– Евгений наблюдал грустную картину: кто-то собрался строить дом, но умер или кончились деньги, участок зарос травой, бетонные кольца для колодца не понадобились, если не считать того, что их использовала молодежь, которая любит такие пустыри и брошенные стройки. Может быть, недоделанность этих мест приятно соответствует ее собственной недоделанности. А еще в таких местах всегда есть лестницы, строительные леса, этажи или, как вот тут, бетонные кольца на разных уровнях, это позволяет молодым людям выстраивать свои отношения тоже по уровням, потому что им кажется это главным, как и взрослым людям.
Меж тем Евгения увидел Юрик Жук, тот самый, который героически возвращался домой, а потом придумал, что на него напали замирные. Когда он протрезвел, приятели посмеивались над его фантазиями, а Юрик уверял, что все чистая правда, но доказать не мог.
И вот он увидел Евгения.
Он смутно помнил, что его приключение связано было с этим человеком. Деталей Юрик не помнил, но это и неважно. Главное, теперь он может наконец предъявить доказательство своей честности.
– Вот он! – сказал Юрик. – Сам в руки идет. Меня ищешь, что ли? Ну, радуйся, нашел!
– Дивний хлопец, – сказал старший из братьев Поперечко.
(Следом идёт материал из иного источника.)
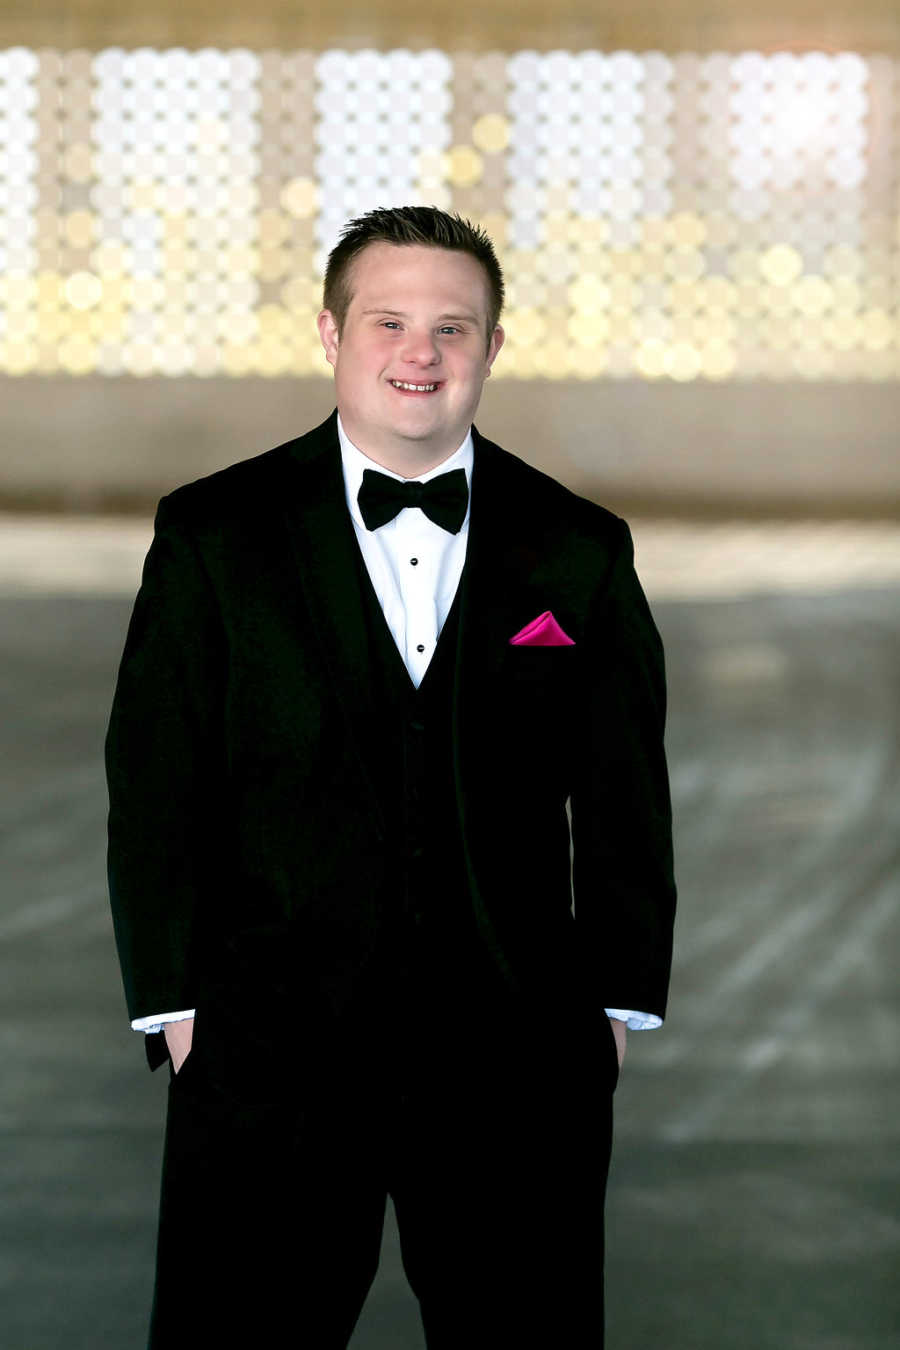 Special needs teen standing in suit smiling before prom

– Крепко он тебе навалял? – ехидно спросил Юрика Рома, его соперник по борьбе за симпатию Ульяны, которая сидела рядом.
– Да их целая куча накинулась! – оправдался Юрик и крикнул Евгению: – Эй, иди сюда! – хотя Евгений и сам шел к ним.
Евгений приблизился и сказал:
– Евгений увидел молодых людей, которые, судя по их ничего не делающему виду, были жертвами скуки, а жертвы всегда ищут, кого бы другого сделать жертвой. Евгений почувствовал опасность, но сохранял хладнокровие и приветливо сказал: здравствуйте!
Малолетний Нитя так засмеялся, что даже завизжал от смеха. Он засмеялся потому, что ему стало очень смешно.
Другие тоже заулыбались. То есть и они были бы не прочь посмеяться от души, как Нитя, но после его детского смеха хотели показать, что они взрослее и умеют сдерживать эмоции.
– Ну? – Юрик соскочил и подошел к Евгению, готовый на любую храбрость перед своими друзьями.
– Что? – уточнил Евгений.
– Он спрашивает! – возмутился Юрик. – Забыл, да?
– Смотря что.
– Сам знаешь что!
– Я знаю многое, уточни.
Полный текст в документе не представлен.